Yardımların bir kişiden diğerine, bir kurumdan diğerine aktarılmasıyla oluşan bu kelebek etkisi, küçük bir dokunuşun nasıl büyük bir fark yaratabileceğini en büyük kanıtı.

Bunu Hatay’ı gezerken ve Hataylılarla sohbet ederken çok net olarak görüyorsunuz.

Depremin üzerinden beş ay geçtikten sonra Hatay Büyükşehir Belediye Başkanı Dr. Lütfü Savaş’ın davetiyle şehri ziyaret etmiş ve ilk izlenimlerimi geçen hafta sizlerle bu köşede paylaşmıştım.

Acının izleri hala tazeliğini koruyor.

Her yerde bunu görüyor ve hissediyorsunuz.

Şehrin yalnızlığı içinizi burkuyor.

Ama verilen mücadeleye de şahit olunca umudunuz artıyor.

Bir şehrin yaşaması için önce esnafının yaşaması gerekiyor.

Bu gerçekten yola çıkarak, yıllardır her geldiğimde ziyaret ettiğim Hatay’ın sahip olduğu zengin mutfak kültürünün temsilcisi olan işletmeleri gezmek istedim.

Neredeyse tamamı yerle bir olmuştu.

Ayakta kalanlar ise hasarlıydı.

O nedenle şehri terk etmeyerek yeniden ayağa kalkmaya gayret edenler konteyner, karavan ya da çadırlarda kısıtlı imkanlarla hizmet vermeye çalışıyorlardı.

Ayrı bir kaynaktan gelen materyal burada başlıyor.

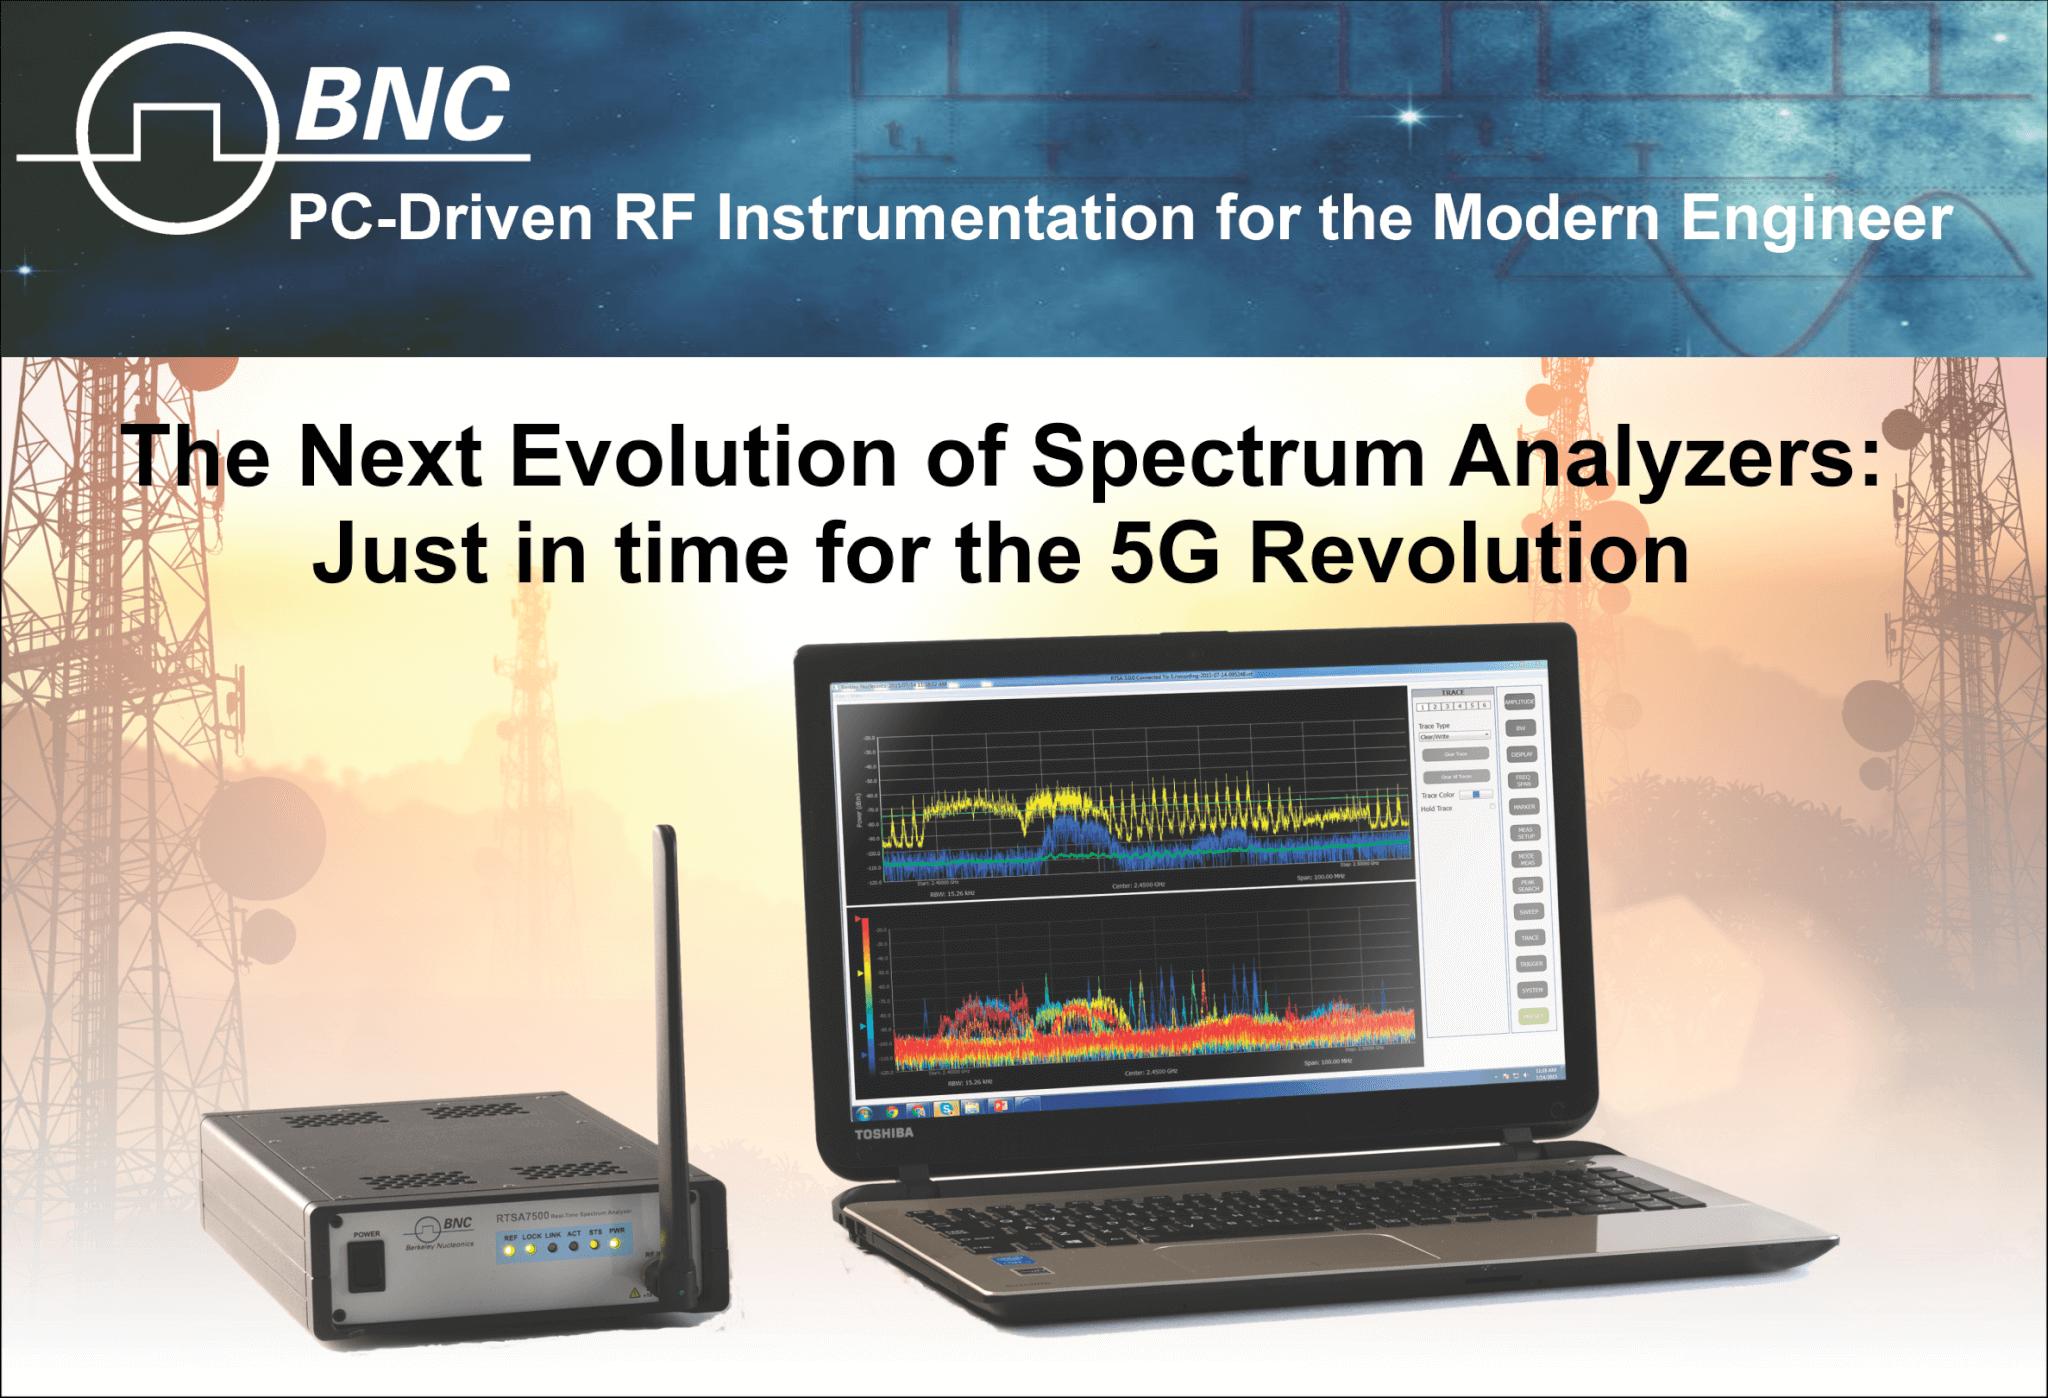 bnc-spectrum-analyzer-ad-slide1

Etcim Kemal bunlardan sadece biri.

Depremde enkaz altında kalıp önce yaşam mücadelesi veriyor, mucize eseri kurtarılmasından sonra ise tamamen yıkılan işletmesini yeniden ayağa kaldırabilmek için kendisine tahsis edilen 25-30 metrekarelik bir konteynerde bu sefer var olma mücadelesi veriyor.

Hatay’ın simge işletmelerinden yüz küsur yıllık Affan Kahvesi de benzer bir mücadele ile az hasarlı tarihi binasına dönmek için bir parka konumlandırdığı konteynerde savaş veriyor.

Şehrin en önemli ve ikonik esnaf lokantası Ali Mürdün de kendisine verilen konteynere sığdırdığı minik işletmede hala aynı kalitede hizmet vermeye gayret ediyor.

Alanında öne çıkan işletmelerden biri olan Bizim Künefe de eski şaşalı günlerine dönmek için var gücüyle çalışıyor.

Hangi konteyner ya da çadıra adım atsanız yüreğinizi burkan hikayelerle karşılaşıyorsunuz.

Dokuz adet satış noktası ve fabrikası yerle bir olduktan sonra yeni satın aldığı iki adet makineyle hikayesini yeniden yazmaya başlayan da var.

Fabrikasını deprem öncesinde inşa ederken tüm kurallara uyup depremi neredeyse hasar almadan atlatıp imalata dört gün içinde başlayıp şehre can suyu olmaya çalışan da var.

Hatta yeni konteyner kebapçısının adını “Gitmedik ki Dönelim” koyup bir de en görünür yerine “Sen yoksan bir eksiğiz” yazarak şehirden göç edenlere geri dön çağrısını haykıran da…

Hatay esnafını ziyaret ve sohbet ederken gözlerim doluyor, boğazım düğümleniyor.

Ama onların yeniden eski günlerine döneceklerine dair umut ve inançlarını görünce de yüreğime bir nebze olsun su serpiliyor.

Neredeyse tamamı kendilerine verilen desteklerin umutlarını ve mücadele güçlerini arttırdığını söylerken bundan sonra ürettiklerini satabilmek için desteğin artması gerektiğine vurgu yapıyorlar.

Tek şikayetleri iyi ve kaliteli malzeme tedariği konusunda yaşadıkları sıkıntı oluyor.

Hatay esnafının yaşaması için pek çok hayırsever, sivil toplum kuruluşu, yardım kuruluşu ve devletimizin tüm kurumları destek olmuş ve olmaya da devam ediyor.

Herkese tek tek teşekkür etmek için yerim olmaması nedeniyle elini taşın altına koyan herkese şükranlarımı sunuyorum.

Hatay esnafı umudunu kaybetmeden tüm olumsuzluklara ve imkansızlıklara rağmen ayakta kalma mücadelesini devam ettiriyor.

Bizler de onların ayakta kalması için, Türkiye’nin herhangi bir noktasında kanatlarını çırpan kelebeklerin depremden etkilenen illerimizde fırtına koparabileceğine inanarak bireysel desteğimizi sürdürmeliyiz.